## Dataset extract:
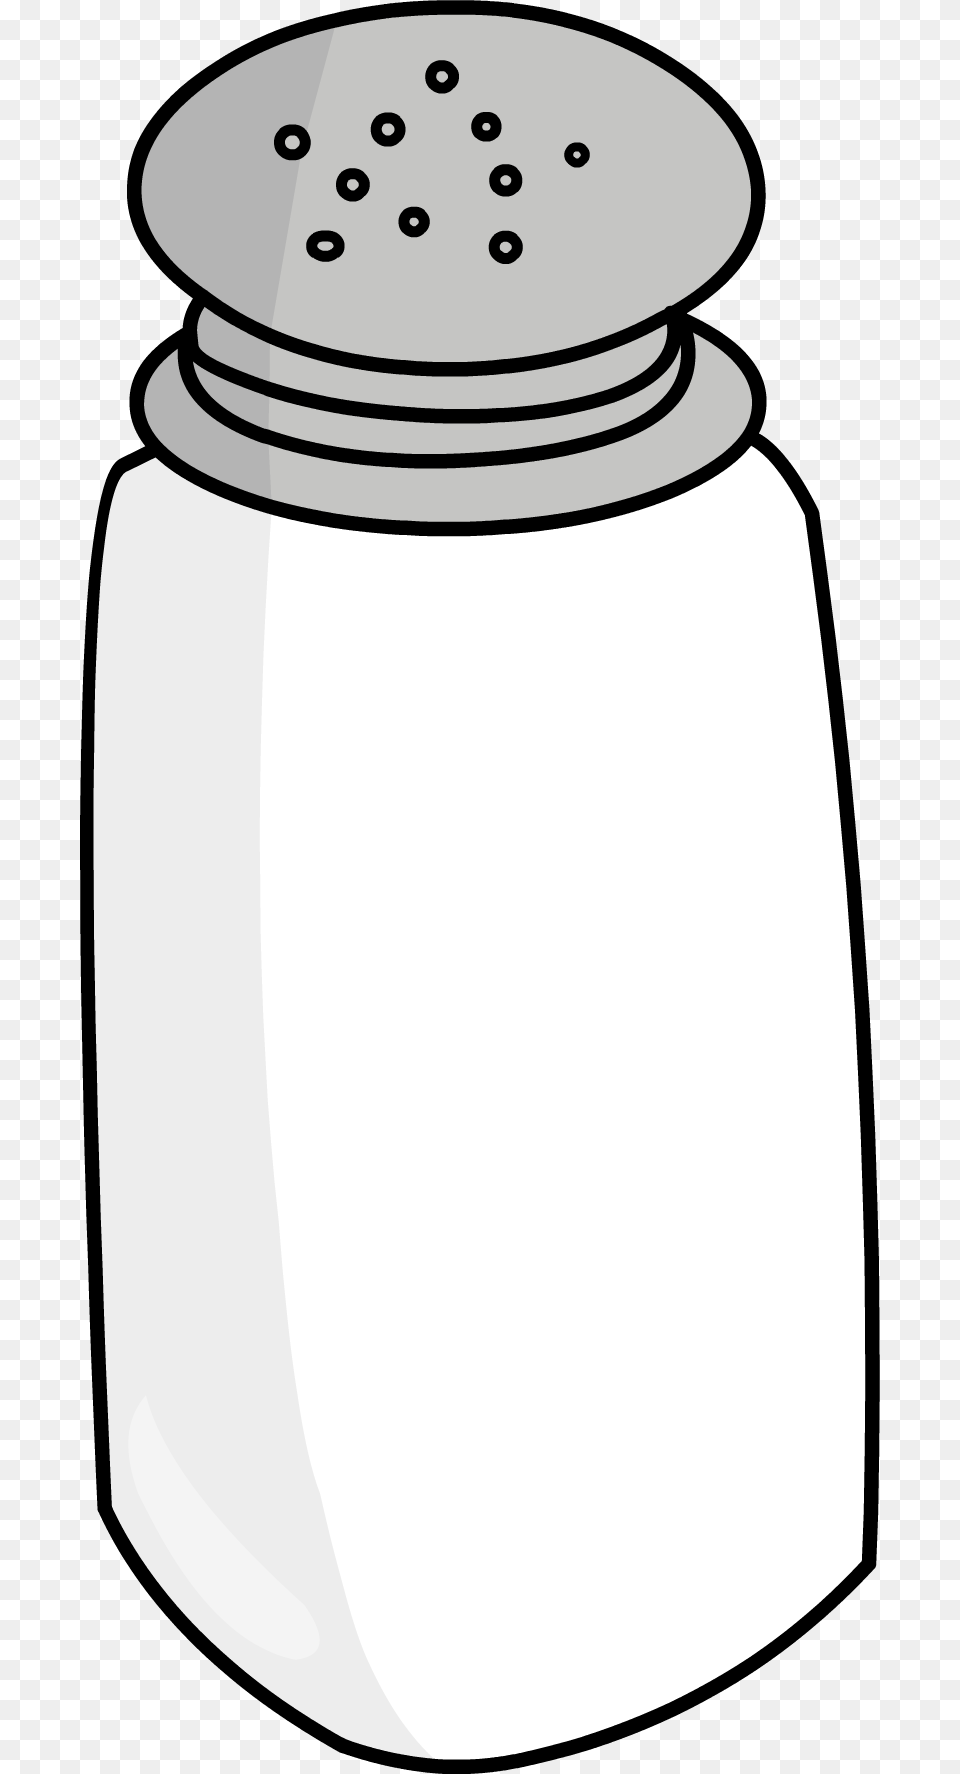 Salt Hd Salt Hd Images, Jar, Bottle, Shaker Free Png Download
...
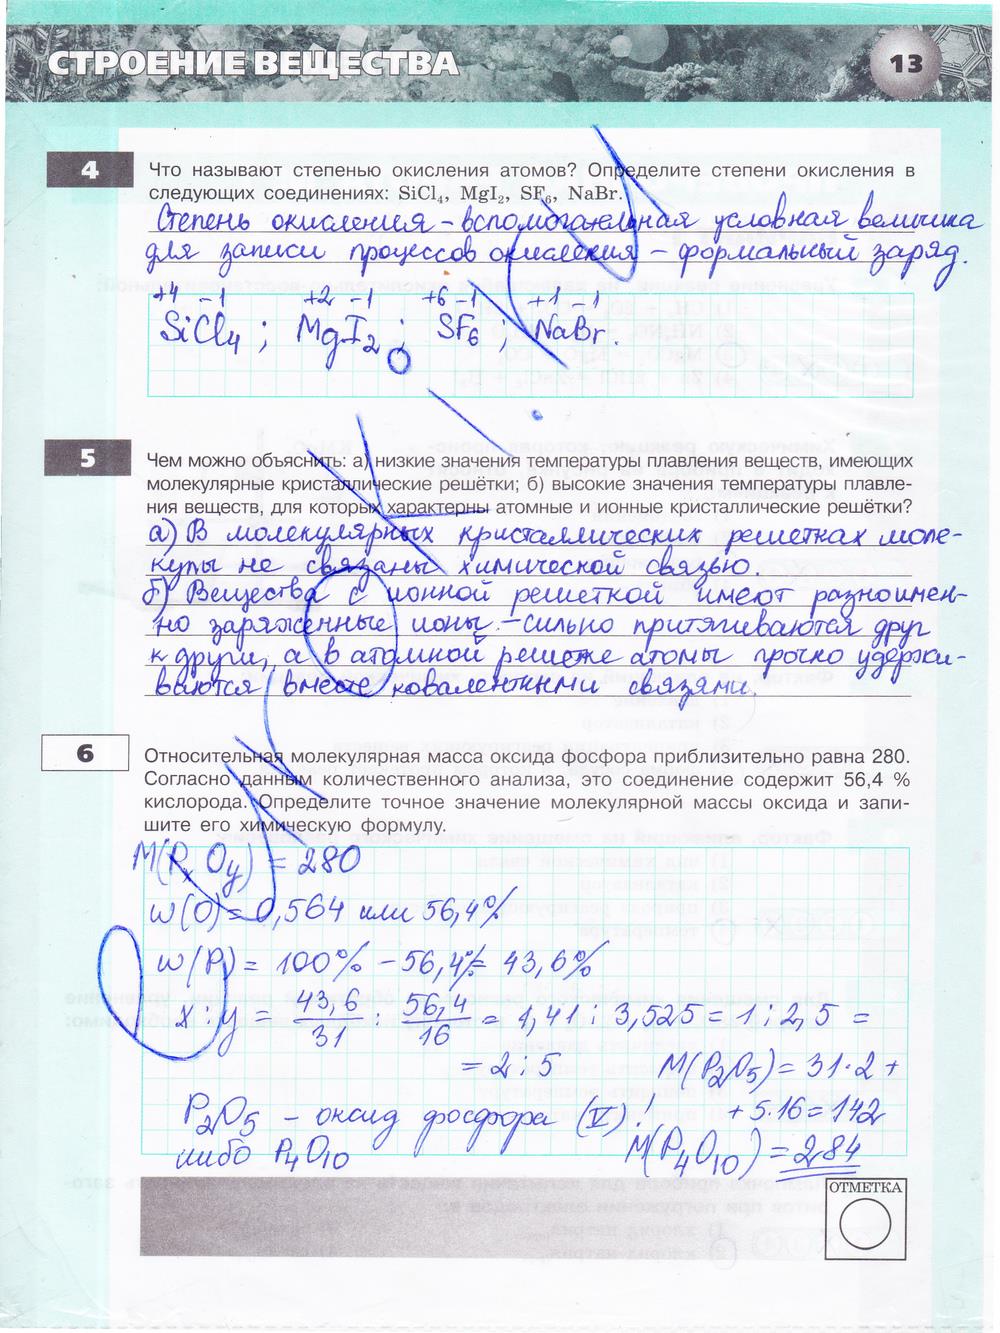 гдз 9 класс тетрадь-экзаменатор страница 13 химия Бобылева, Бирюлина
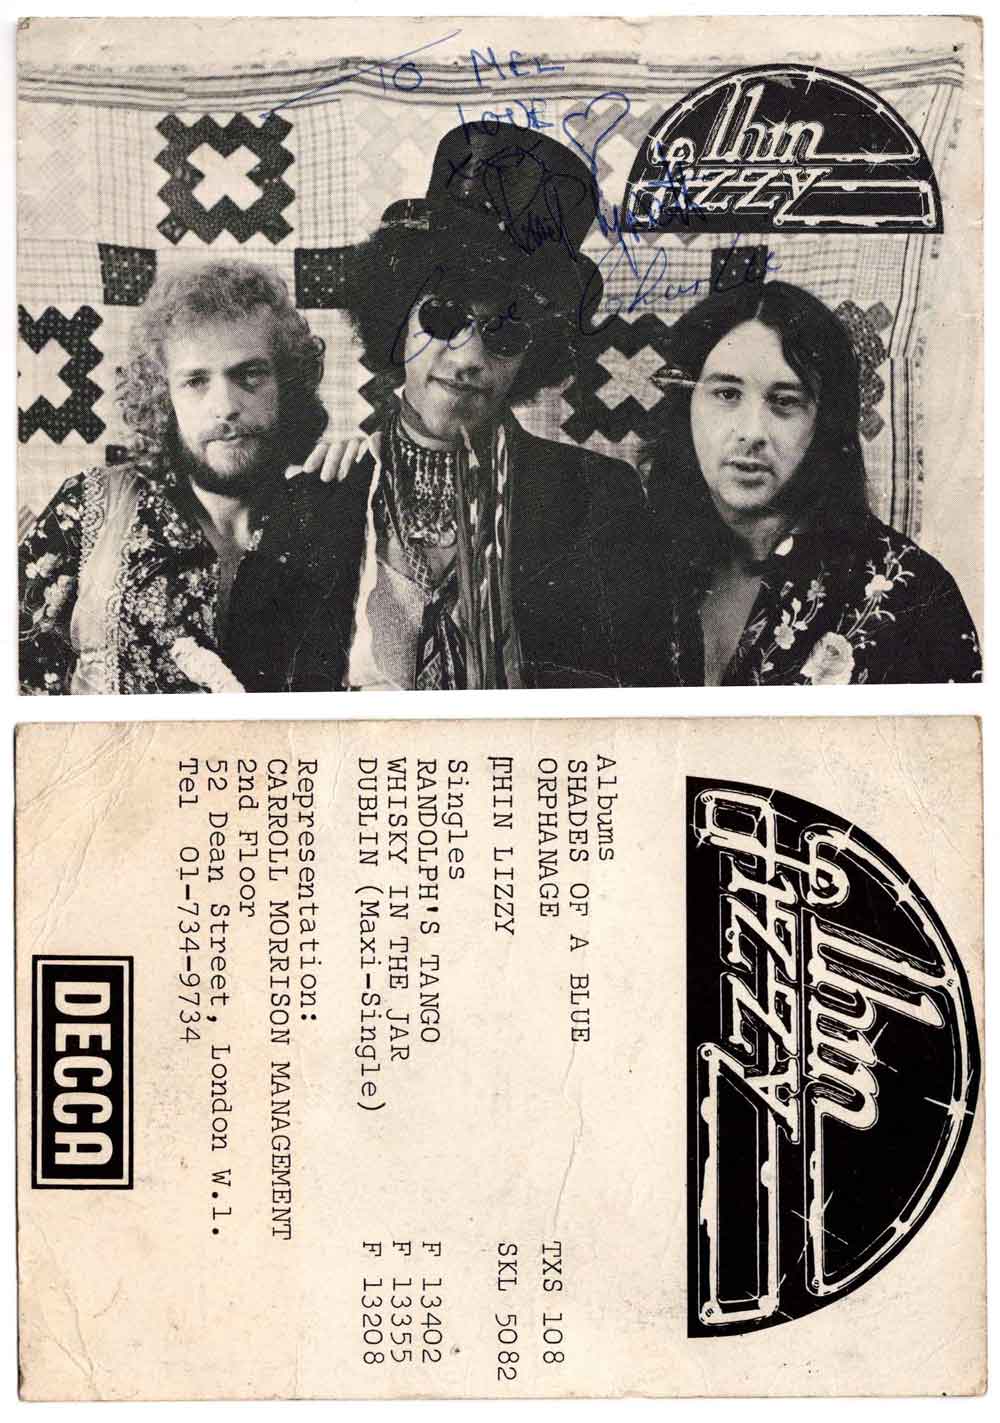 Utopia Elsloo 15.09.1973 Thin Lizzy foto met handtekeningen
==
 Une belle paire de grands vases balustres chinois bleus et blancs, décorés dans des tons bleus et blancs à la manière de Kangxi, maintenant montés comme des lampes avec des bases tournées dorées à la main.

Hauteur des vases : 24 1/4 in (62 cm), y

## Exercise aim:
Examine each line of the listing for the word "vases" and state only how many lines contain it.

## Written solution:
2